当我心灰意冷,陷入自己的痛苦之中无法摆脱,嫉妒别人可以忘记悲伤时,她说,每个人都有自己忘不了的伤痛,每个人也都有纷繁精彩的一生。

外祖母经常带我参加志愿活动。有时候是去儿童福利院,有时候是去敬老院,有时候是捡起马路边的垃圾,扔进垃圾箱。有的志愿者劝外祖母好好休息,不要太过劳累,外祖母正色道:“劳动使人光荣,善行不分老少。”

因为外祖母的存在,我觉得比起生命中那些瞬息万变的斑斓美好,黑暗不值一提。

外祖母曾经讲过好多故事,其中一个最牵动我的心。

她说,在三年饥荒时期,家里很困难。饿得没办法,从厂里搬一车废旧的报纸,煮成纸浆,心疼地掺一点的棒子面,做成窝窝头蒸。外祖母那时候还小,光是看着热腾腾的雾气就止不住地咽口水。蒸熟了,抢着跑去揭盖,看见黑白的窝窝头,顾不上烫手,拿起来,掰开一看,上面的字都还清晰可见。外祖母一边哭一边吃,嘴烫坏了。

就在那么艰难的时候,庄子里还有一个人,想方设法地接济大伙儿。几乎每天都有人看见他把自己家的粮食拿出来,送去别人家门,人们不知道他自己怎么生活。后来他还会去挖野菜,再后来只有草根可以挖……可就算到了最艰难的时候,他也坚持着给予。

那时候,有人说他是写文章的,每天在屋子里面写字,隔几天就寄一封信出去。

有一次,外祖母在外面割草,被他碰见。他给了外祖母三尾小得可怜的鱼。那种鱼现在人们用来熬咸菜,但在当时的饭桌上已经称得上奢侈。外祖母说,他递鱼的那双手,粗糙,宽厚,沾满泥土,伤痕累累,在她眼里却发着光。

外祖母连说好几声谢谢,眼泪就掉了下来。她问那个人的名字,那个人却没有回答,转身离开了。他的背影高大无比。外祖母后来嫁给了当兵的外祖父,便是因为外祖父的背影也像他那样伟岸、宽阔。

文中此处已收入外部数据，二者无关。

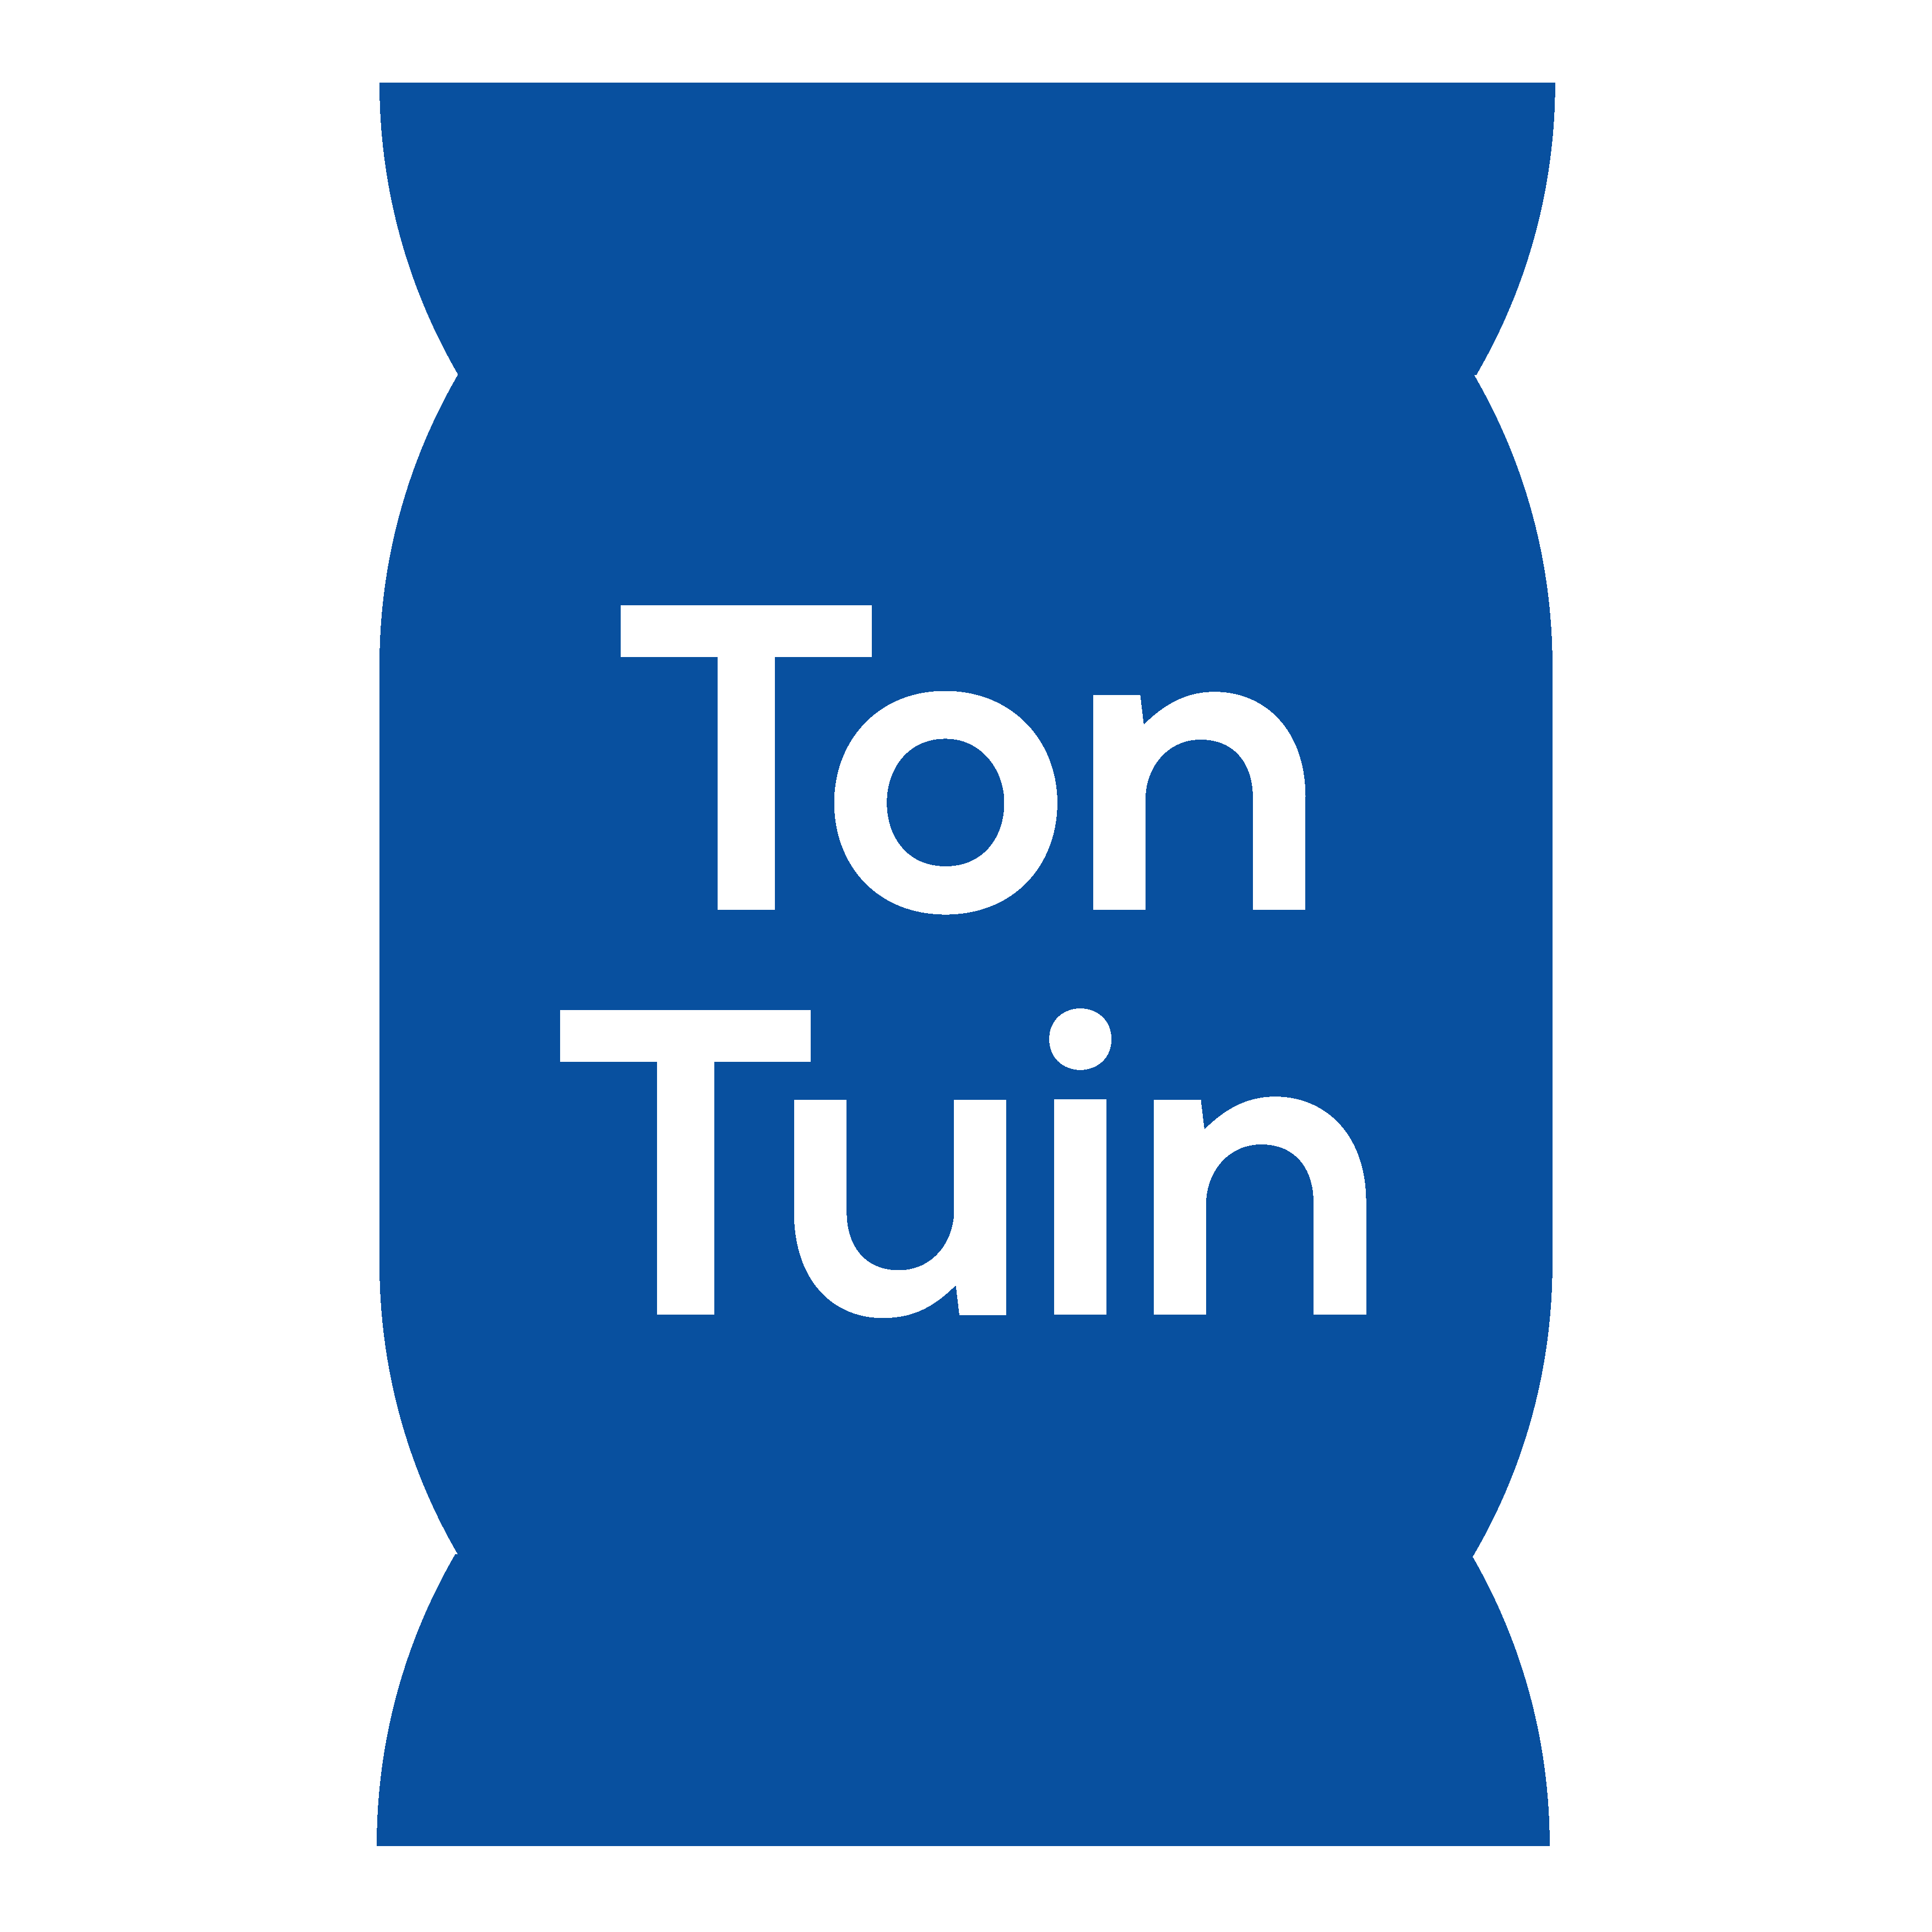 TonTuin is de multifunctionele circulaire regenton met plantenbak

第二次见到他,外祖母已经是村里一座小学的语文老师,不辞辛苦地讲授着知识,传递着美德,让贫苦的孩子们眼中闪耀着希望。他来到学校,看看这里的环境,也看到了外祖母。外祖母先是怔了一下,之后激动得止不住地颤抖,泪水很快盈满眼眶。

他还是当初的模样,年轻,英气,身上有一股劲儿,说不出怎么回事儿,但人们见到他就感觉自己浑身充满了热气,感觉什么都不必怕,只要向前走。外祖母说的时候,眼里有光。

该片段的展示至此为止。